Reporter: Surtan PH Siahaan | Editor: Avanty Nurdiana
JAKARTA. Indeks Harga Saham Gabungan (IHSG) kembali mencetak rekor tertinggi sepanjang sejarah. Rabu (3/4) IHSG menguat 0,49% ke 4.981,47. Para analis percaya, IHSG masih akan menguat. Tapi, potensi koreksi juga besar.
Analis Batavia Prosperindo Sekuritas, Parningotan Julio menilai, secara historis, bulan April adalah masa puncak reli IHSG. Ini telah terjadi sejak 1998. Dia memprediksi , IHSG berpotensi ke 5.200 sampai akhir tahun nanti.

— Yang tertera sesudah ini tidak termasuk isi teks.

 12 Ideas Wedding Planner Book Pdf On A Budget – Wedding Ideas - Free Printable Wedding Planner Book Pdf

Kenaikan IHSG yang cukup cepat membuat Head of Research KSK Financial Group, David Cornelis merevisi target dari 4.991 menjadi 5.152 di akhir tahun. Potensi pertumbuhan yang cukup tipis ini, membuat David percaya, IHSG dalam waktu dekat akan terkoreksi. "Selama April IHSG cenderung bullish dan bisa ke 5.000." kata dia.

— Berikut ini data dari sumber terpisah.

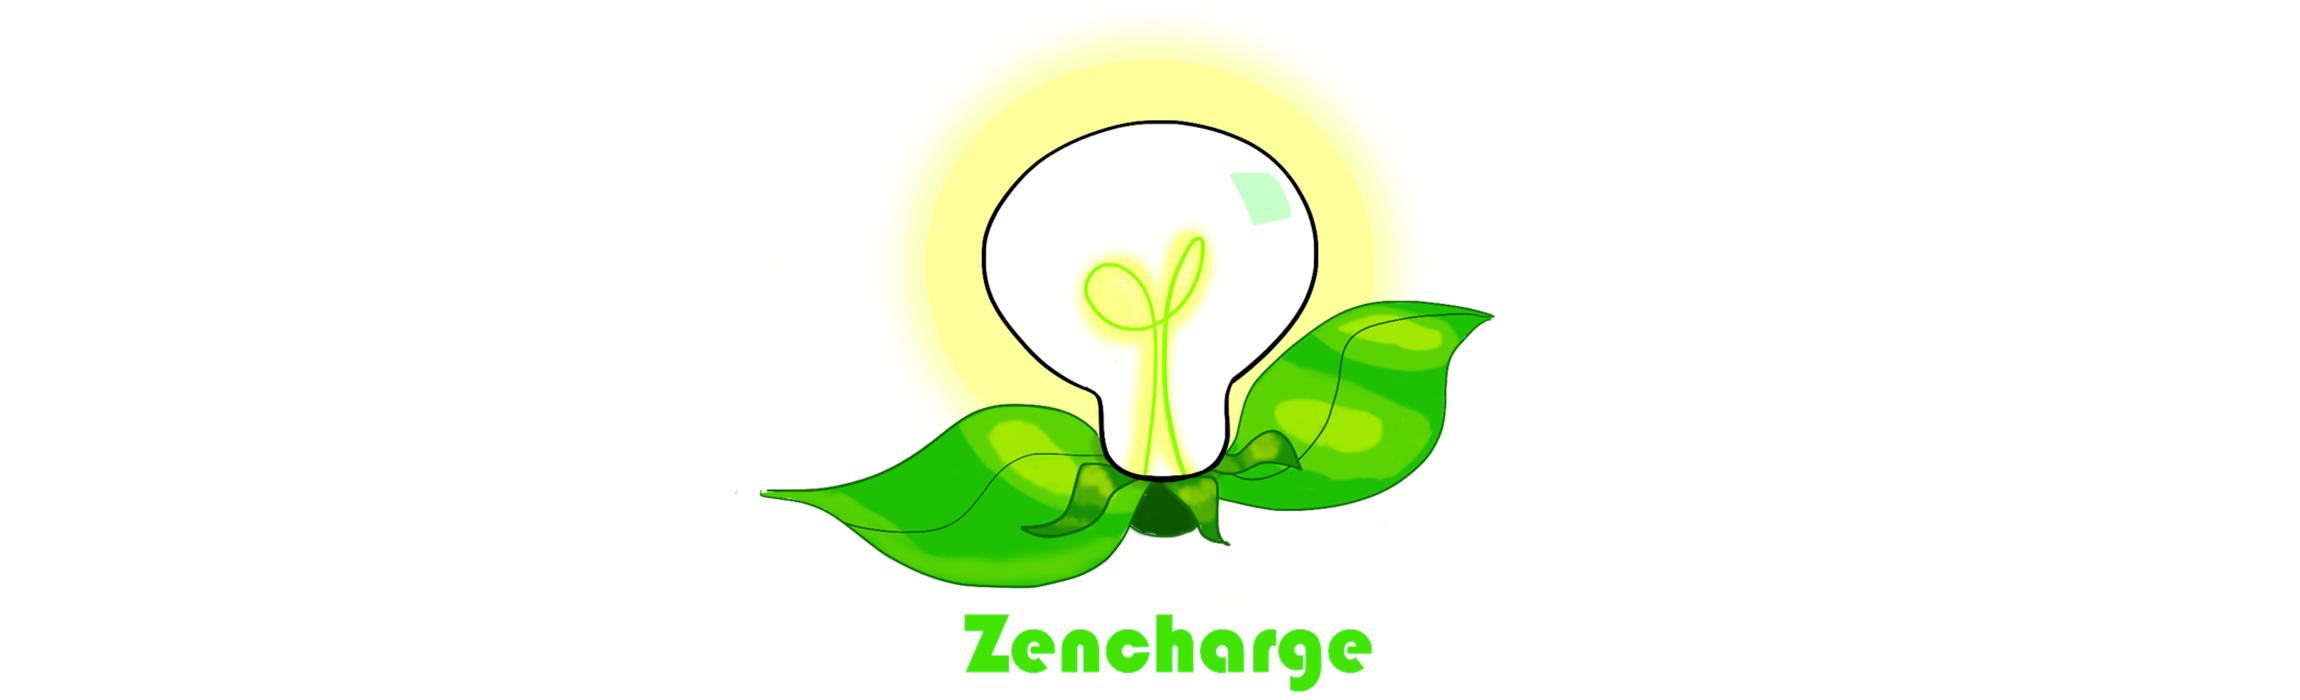 zencharge_resizedlogo.png

Tapi, di bulan Mei dan Juni sangat rawan koreksi. David menduga, pelaku pasar akan memanfaatkan momentum rilis laporan keuangan kuartal I-2013. "Sejauh ini, indikator teknikal masih mendukung kenaikan indeks jangka pendek dan menengah," kata dia.

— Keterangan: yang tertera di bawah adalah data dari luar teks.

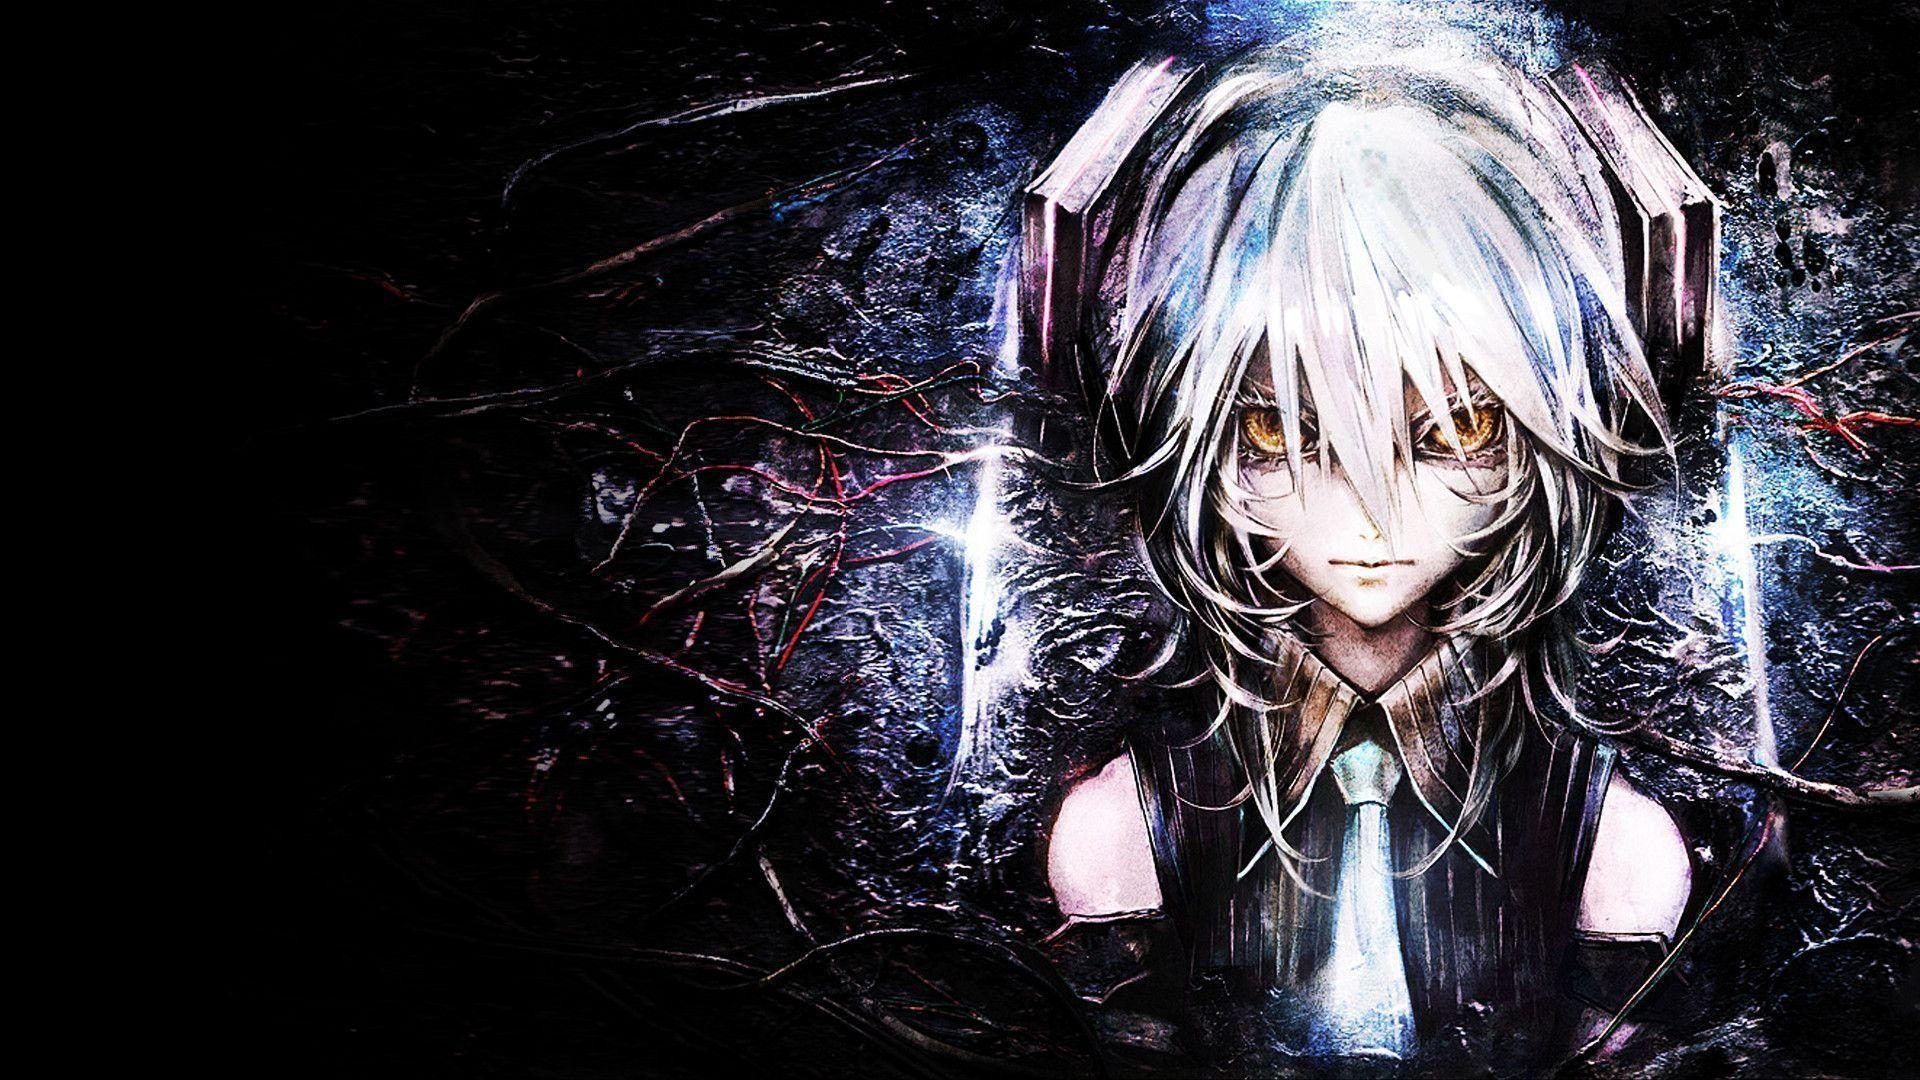 Dark Anime Wallpaper HD (66+ images)

Parningotan juga berpendapat sama. Menurut dia, IHSG akan masuk fase konsolidasi pada bulan Mei - Juni. Sedangkan Juli - November cenderung mixed. Jika pasar terkoreksi, dia memperkirkan, IHSG tak akan lewat dari level 4.786.
Head of Investment AAA Asset Management, Siswa Rizali menambahkan, peluang IHSG menguat masih terbuka lebar. Laporan kinerja emiten BEI yang positif dan likuiditas tinggi menjadi alasan utama. Bahkan, secara statistik pasar saham Indonesia di urutan terbaik ketiga setelah Thailand dan Filipina.
Ini pula yang menjadi alasan dana asing masuk ke Indonesia. Dana asing sejak awal tahun telah masuk Rp 20,05 triliun.
Meski demikian, Siswa mewanti wanti investor untuk memperhatikan situasi ekonomi global. Sebab, kondisi global bisa sangat mempengaruhi ekonomi Indonesia. Selain itu, pergerakan IHSG sudah tinggi dan tak mencerminkan fundamental.
Salah satu indikasinya adalah pergerakan pasar saham yang tidak berbanding lurus dengan pasar obligasi. "Padahal, kenaikan pasar saham yang wajar harus diikuti juga kenaikan pasar obligasi," ujar dia. Tapi, pasar obligasi justru turun.